Insomnia is my poetic friend but my real life enemy.

My line break issue is mainly in the middle of the poem.



Bloggsworth said:


> ​                 I stumble *Perfect*​down shadowed sideswipes, *Perfect*
> oblique in the evening sun.
> Sintered light coalesces on *Perfect*
> puddled cobbles, unclaimed *I didn't like this one at first, but I do now.*
> ...


----------



## Gumby (Oct 31, 2011)

I like the new edit, to me, perfect.


----------



## Bloggsworth (Oct 31, 2011)

SG, perhaps you should rename yourself _Nighthawk_.

I stumble​down shadowed sideswipes,
oblique in the evening sun. - _You left this one out, is it neither perfect nor wrong, or just so-so?_
Sintered light coalesces on
puddled cobbles, unclaimed
urchins play whoops-a-doodle;
tossing old pennies against stuccoed walls, 
flaking white with each strike of copper
on render; their shrill cries - _What about their shrill cries? Read on..._
splitting the close and filleting
my consciousness, re-layering
the half-remembered.


Definitely something to think about SG, but I feel that re-breaking lines 7,8,9 & 10, and making them just two lines, makes the progression rather obvious; I think this is a conflict between reading and hearing., it removes any ambiguity from the actions, I wanted a disjunction between action and effect, so _against what _and _why flaking white_? Realigned it sounds as one would read it, but I preferred to break the lines for an _on the page_ effect.
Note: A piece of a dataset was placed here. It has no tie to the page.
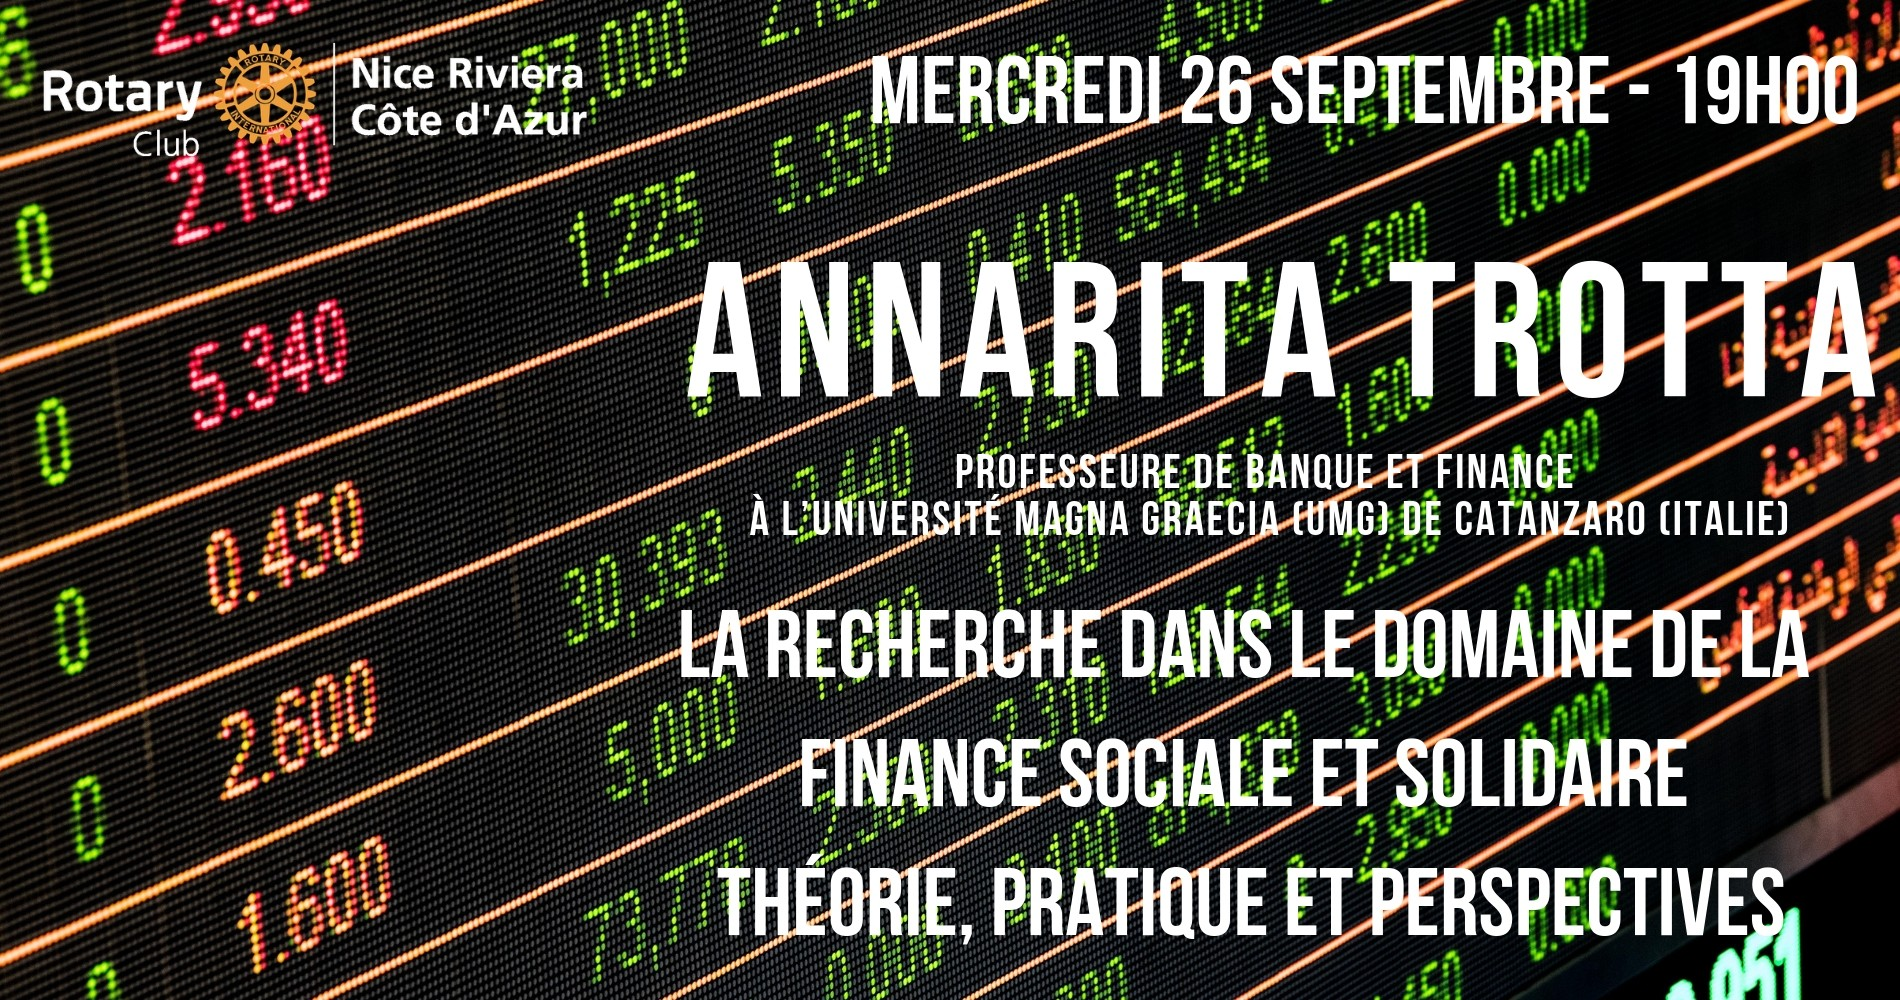 Conference de annarita trotta 1
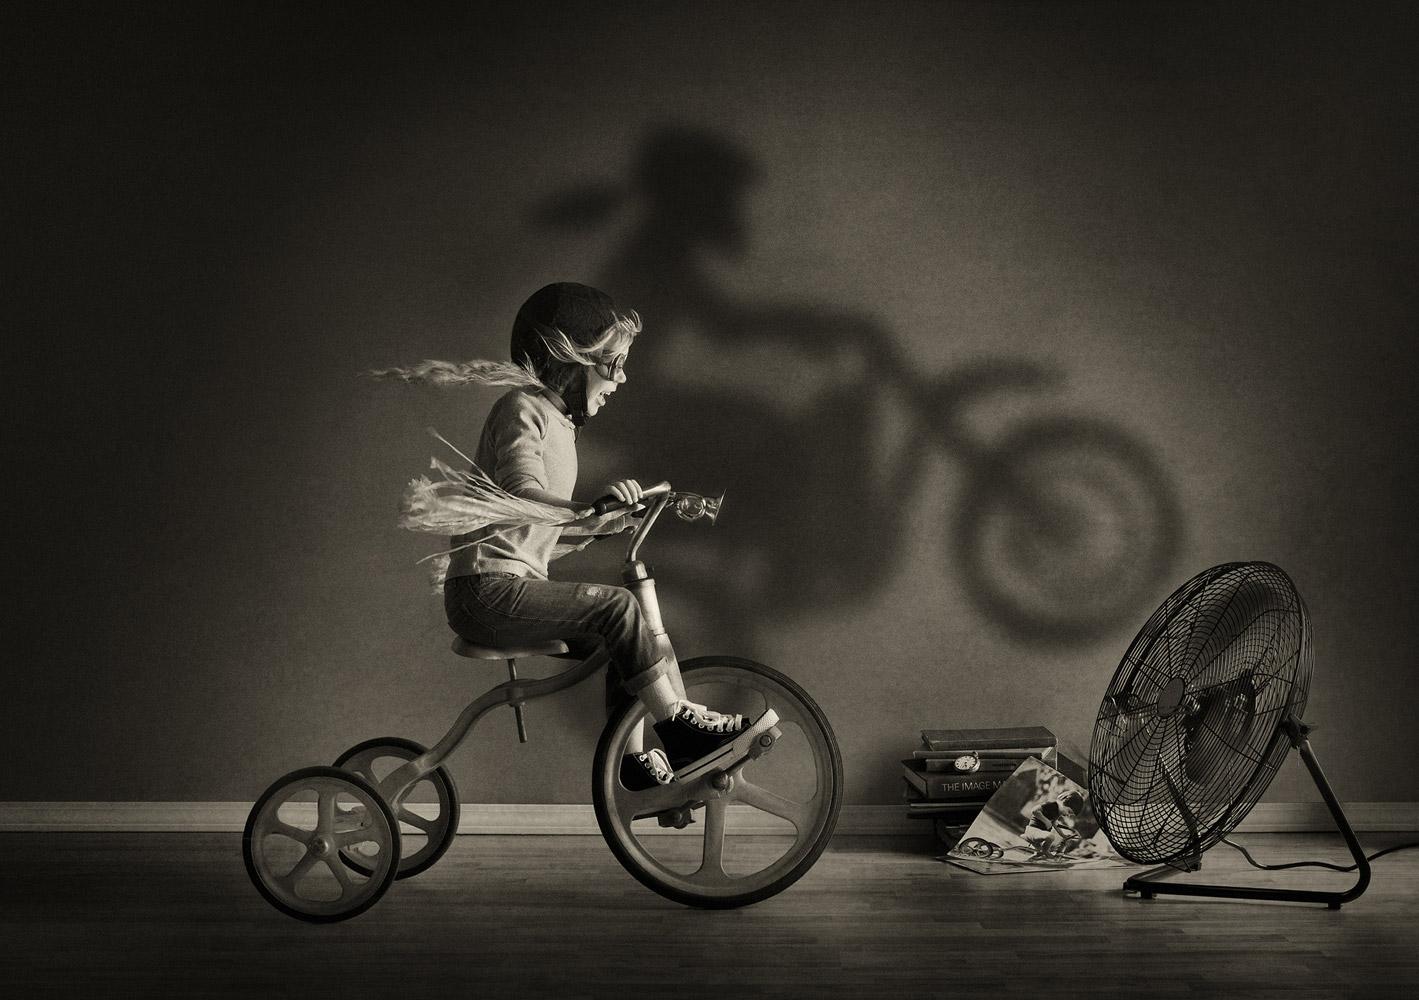 Дикий в сердце, © Люк Эдмонсон / Luke Edmonson, Первое место в категории «Портрет — Дети», Фотоконкурс WPPI Second Half Competition

I'll think about it.

What nobody has queried is _whoops-a-doodle_, which is a figment of my imagination, a game which I always thought should exist, but doesn't.​


----------



## Squalid Glass (Oct 31, 2011)

The two I left out I thought were fine.

I like your explanation. I'll leave it to your judgement, obviously. I took whoops-a-doodle to be some obscure Britishism that I am not cultured enough to catch. I like your explanation better.


----------